Poverty: Focus Questions Who is poor, according to government standards? What causes poverty? How is income distributed in the United States? What government programs are intended to combat poverty? Should these programs be discontinued or reformed?

Causes of Poverty Lack of Education--The median income of high-school dropouts in 1997 was $16,818, which was just above the poverty line for a family of four. Location --On average, people who live in the inner city earn less than people living outside the inner city. Shifts in Family Structure--Increased divorce rates result in more single-parent families and more children living in poverty. Dan Quayle: “Marriage is probably the best anti-poverty program of all.” Economic Shifts--Workers without college-level skills have suffered from the ongoing decline of manufacturing, and the rise of service and high technology jobs. Racial and Gender Discrimination--Some inequality exists in wages between whites and minorities, and men and women. Differences in wealth lead to differences in income.

Income Distribution Income Inequality The Lorenz Curve illustrates income distribution. Income Gap A 1999 study showed that the richest 2.7 million Americans receive as much income after taxes as the poorest 100 million Americans. Differences in skills, effort, and inheritances are key factors in understanding the income gap. Monopoly power also allows some groups, like doctors and lawyers, to maintain high incomes.

The Lorenz Curve The Lorenz curve was developed by Max O. Lorenz as a graphical representation of income inequality. It can also be used to measure inequality of assets or other distributions. In economics, we frequently make statements such as, "the bottom twenty percent of all households have five percent of the total income". The Lorenz curve is based on such statements; every point on the curve represents one such statement. The Lorenz curve is a graph that shows, for the bottom x% of households, the percentage y% of the total income which they have.. A perfectly equal society would be one in which every person has the same income. In this case, the bottom N% of society would always have N% of the income. Thus a perfectly equal society can be depicted by the straight line y=x; we call this line the line of perfect equality. A perfectly inequal society, by contrast, would be one in which one person has all the income and everyone else has none. In that case, the curve would be at y=0 for all x<100, and y=100 when x=100. We call this curve the line of perfect inequality. It is impossible for the Lorenz curve to rise above the line of perfect equality, or sink below the line of perfect inequality. The Lorenz curve is used to calculate the Gini coefficent.
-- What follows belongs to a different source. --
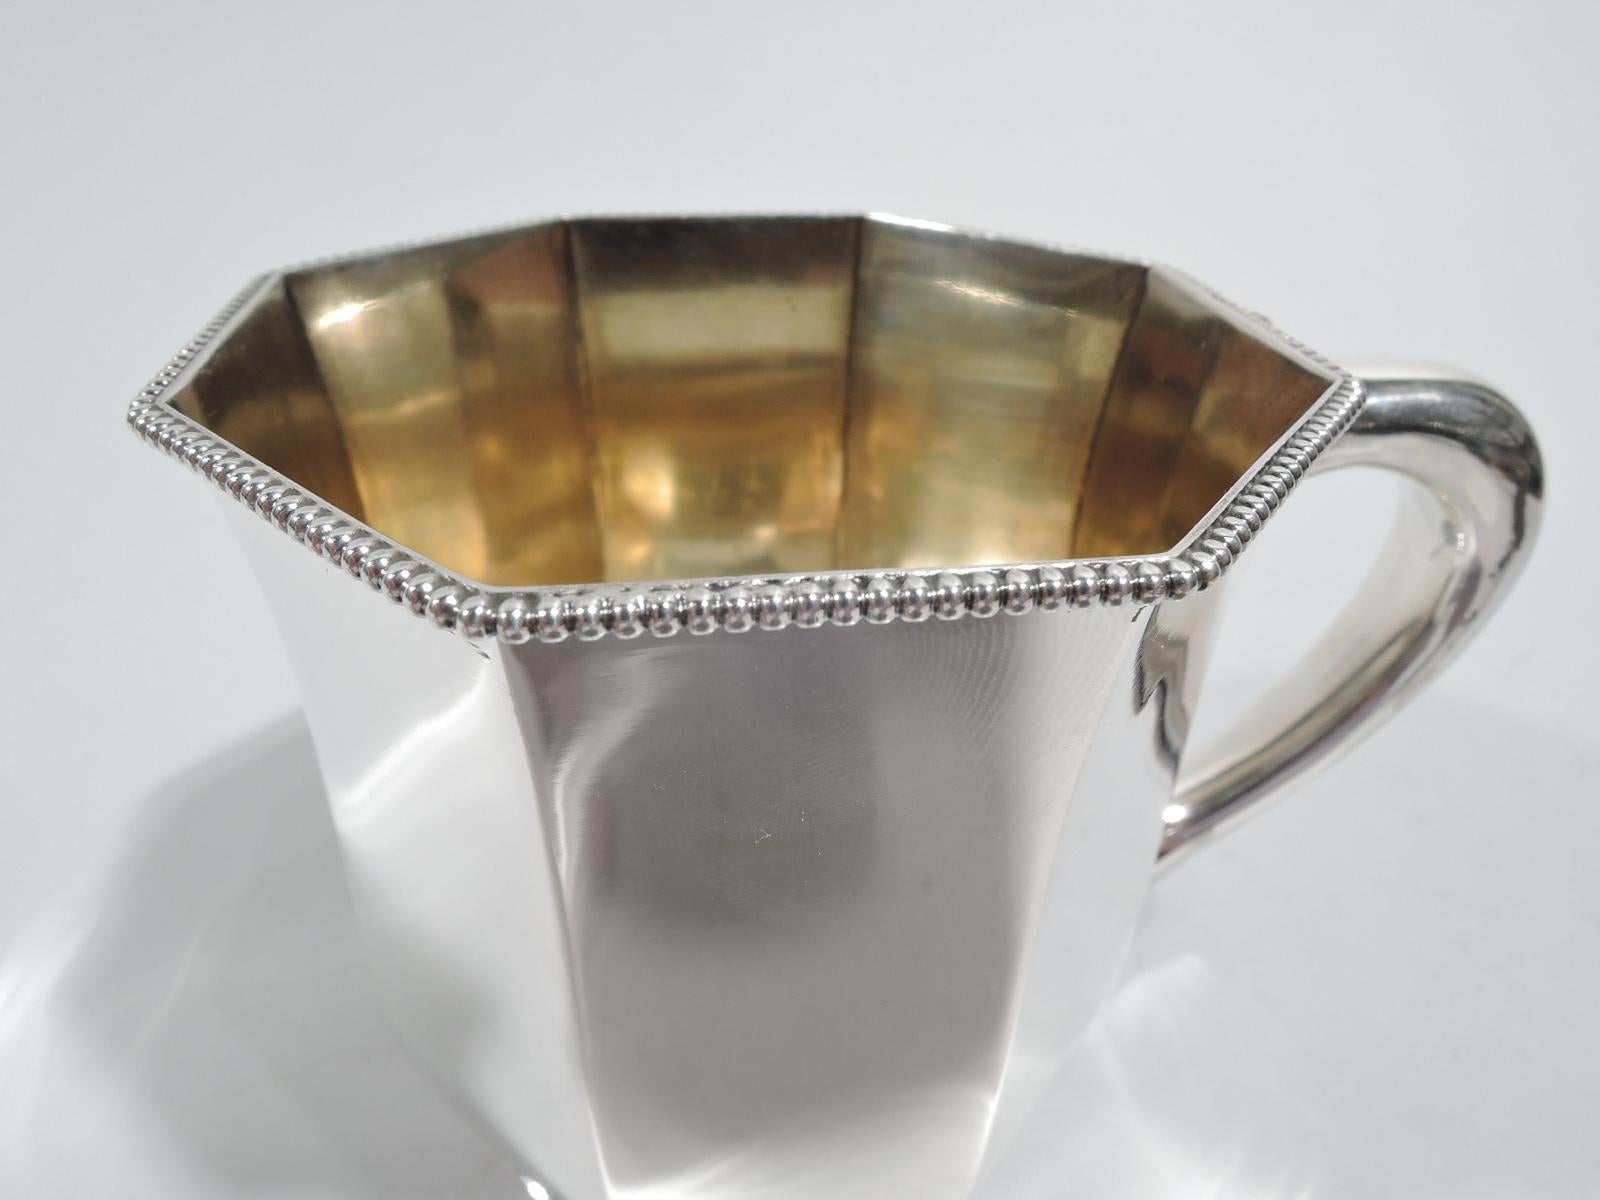 Late 19th Century Gorham American Edwardian Modern Sterling Silver Baby Cup
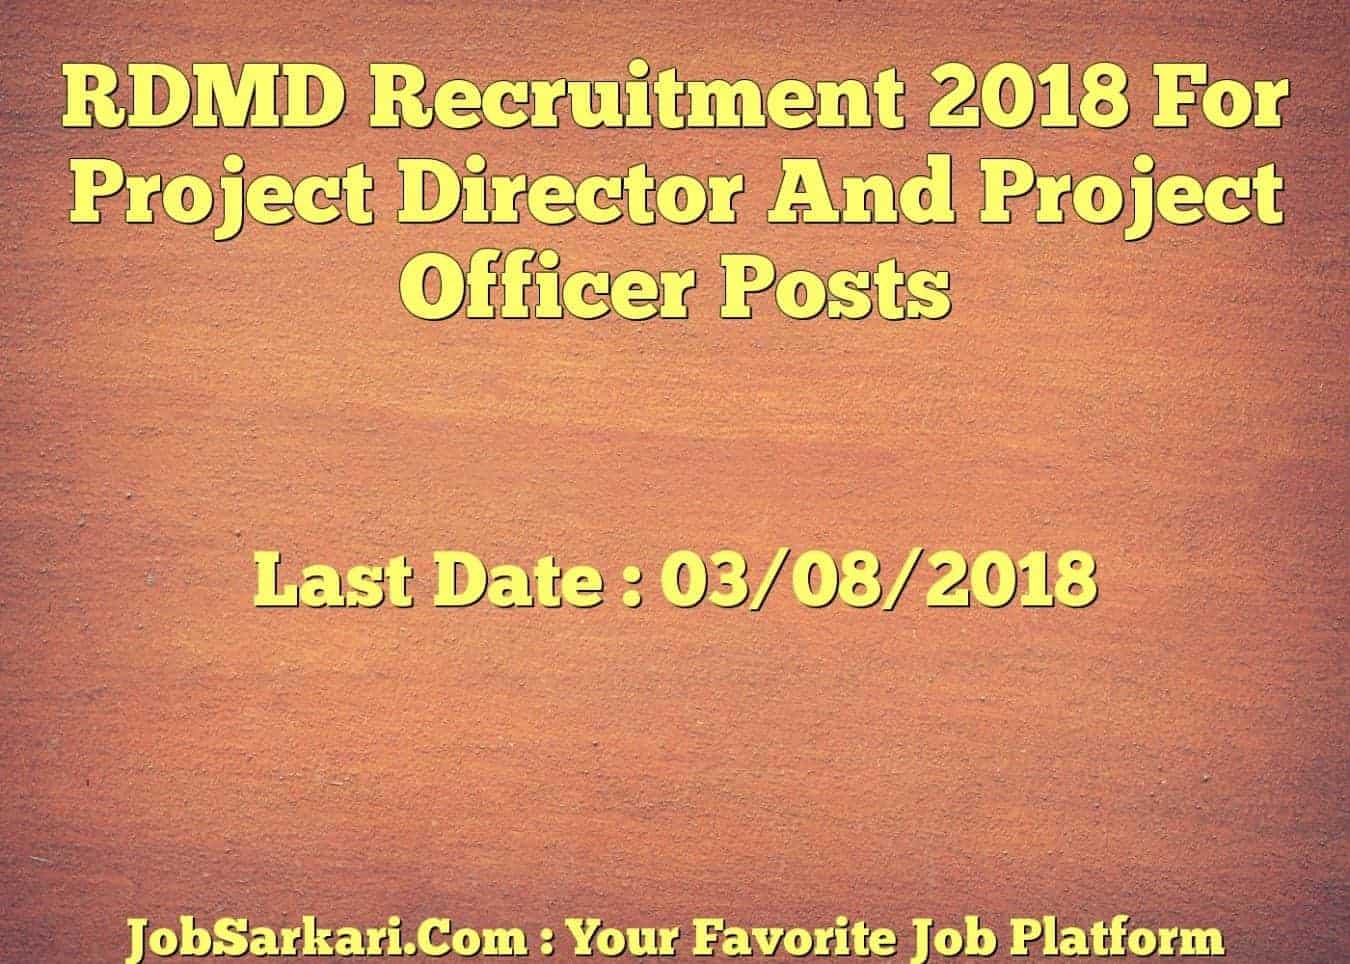 RDMD Recruitment 2018 For Project Director And Project Officer Posts

Government Programs that Fight Poverty Employment Assistance--the minimum wage and federal and state job-training programs aim to provide people with more job options. General Assistance—food stamps Welfare Reform--Temporary Assistance for Needy Families (TANF) is a program which gives block grants to the states, allowing them to implement their own assistance programs. Workfare programs require work in exchange for temporary assistance. There is a 5-year limit on the receipt of benefits. These provisions are in the 1996 Welfare Reform Act. Enterprise Zones—provide jobs in poor neighborhoods by encouraging companies to set up shop in low-tax or no-tax zones. Social Service Programs—provide assistance with family planning, child abuse prevention and other problems affecting low income people

Section Review--Poverty 1. An income level below which income is insufficient to support a family or household is known as the (a) income gap. (b) poverty rate. (c) poverty threshold. (d) income inequality. 2. The Personal Responsibility and Work Opportunity Act of 1996 (a) provides lump sums of money to poor families. (b) provides federal payments to poor families to supplement state payments. (c) set a 5-year limit on receipt of benefits. (d) provides direct cash payments to poor families.